→ **Data shown**
______________________________
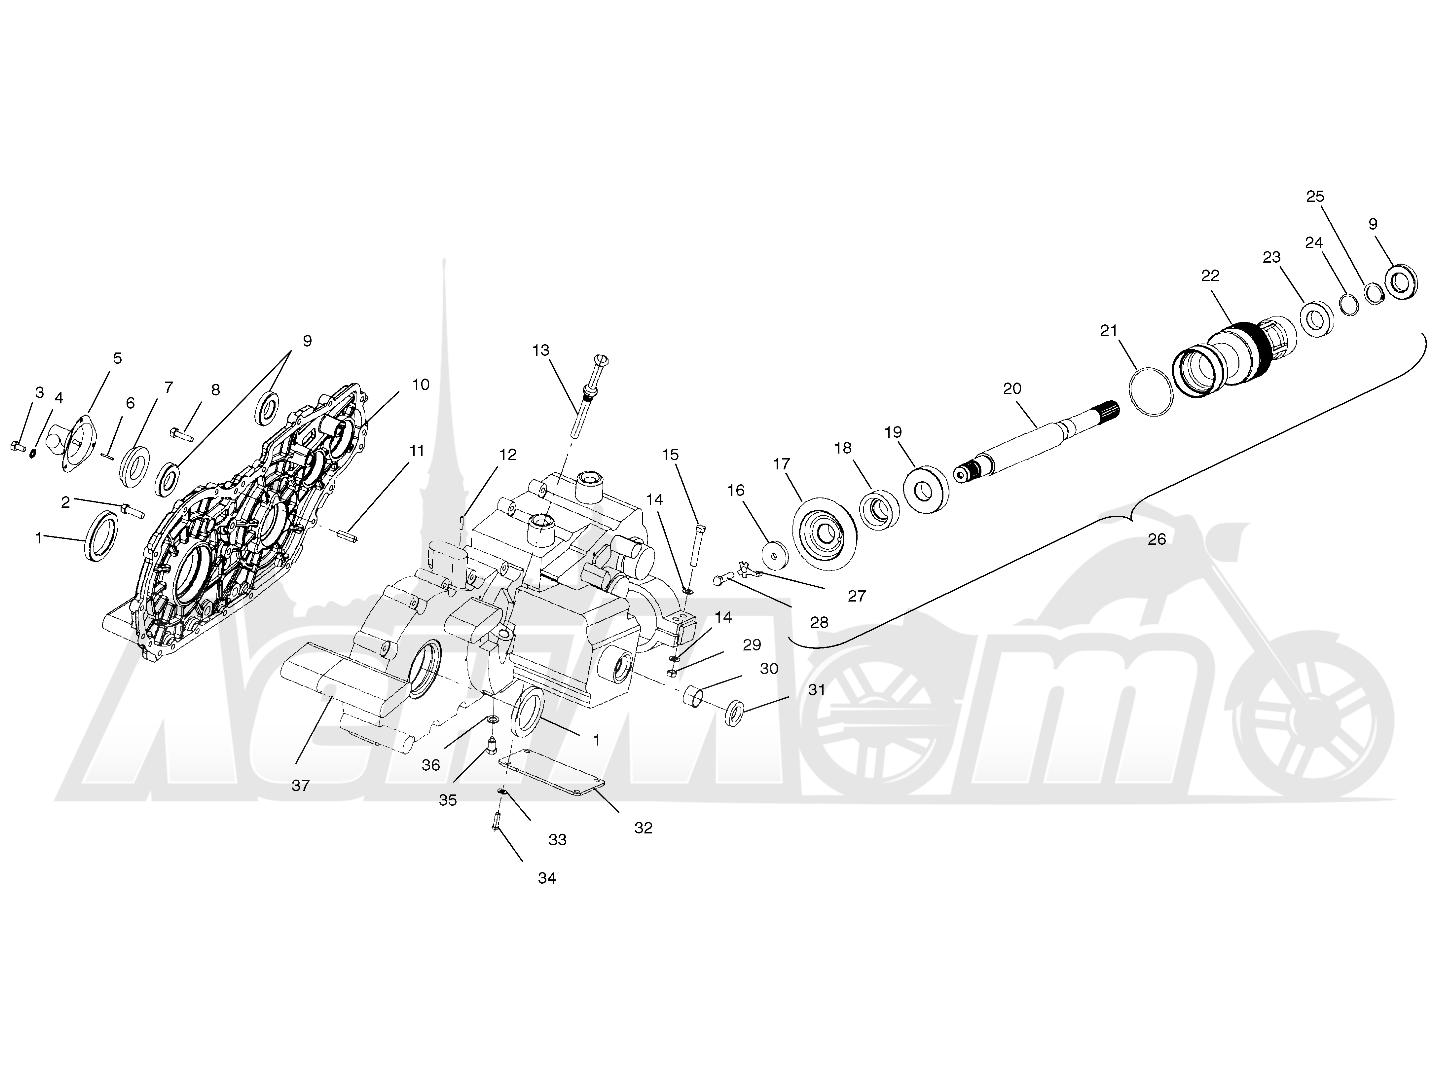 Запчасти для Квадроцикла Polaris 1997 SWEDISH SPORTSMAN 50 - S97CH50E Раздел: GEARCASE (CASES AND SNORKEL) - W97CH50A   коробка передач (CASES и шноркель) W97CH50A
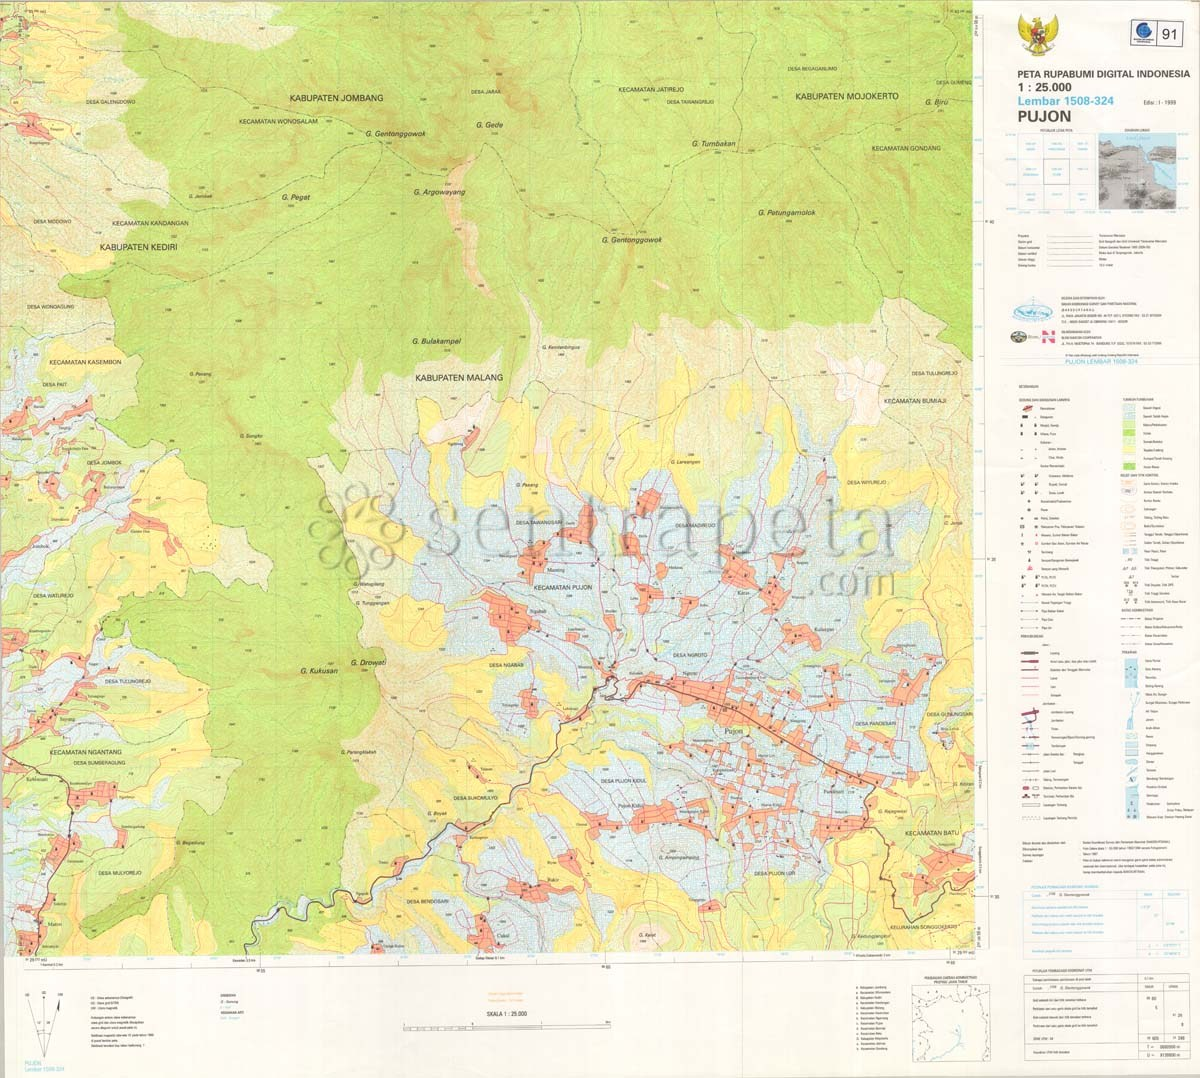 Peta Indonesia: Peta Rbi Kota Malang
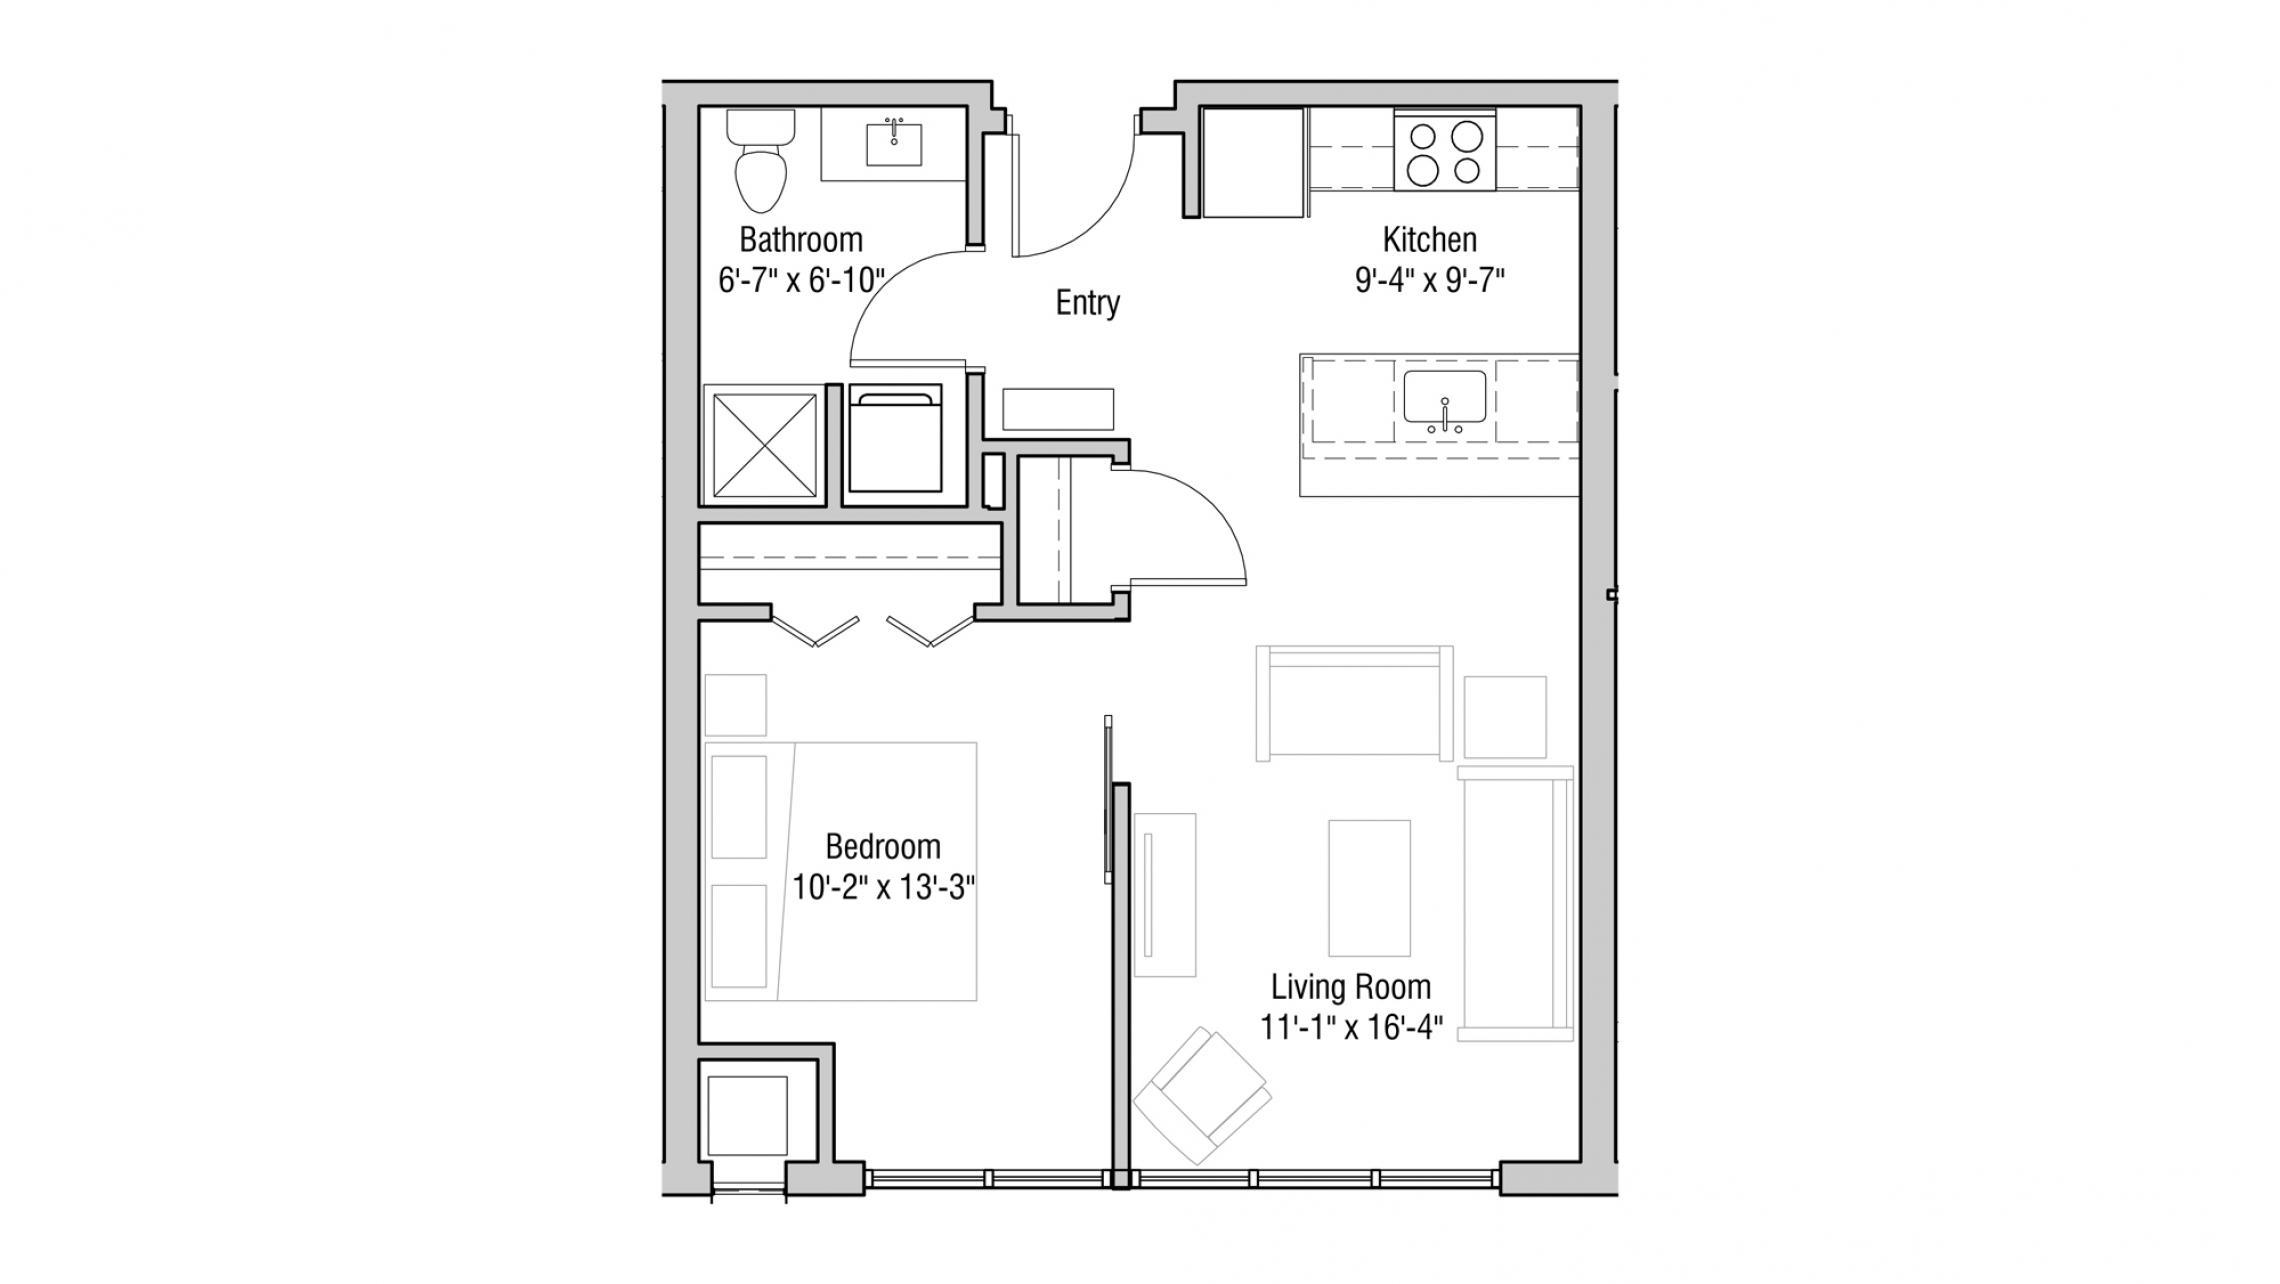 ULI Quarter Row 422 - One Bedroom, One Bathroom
______________________________
→ **Task prompt**
Reproduce the data above in full, exactly as it is, with the pictures left out.

→ **Result for this exercise**
 Запчасти для Квадроцикла Polaris 1997 SWEDISH SPORTSMAN 50 - S97CH50E Раздел: GEARCASE (CASES AND SNORKEL) - W97CH50A   коробка передач (CASES и шноркель) W97CH50A
 Peta Indonesia: Peta Rbi Kota Malang
 ULI Quarter Row 422 - One Bedroom, One Bathroom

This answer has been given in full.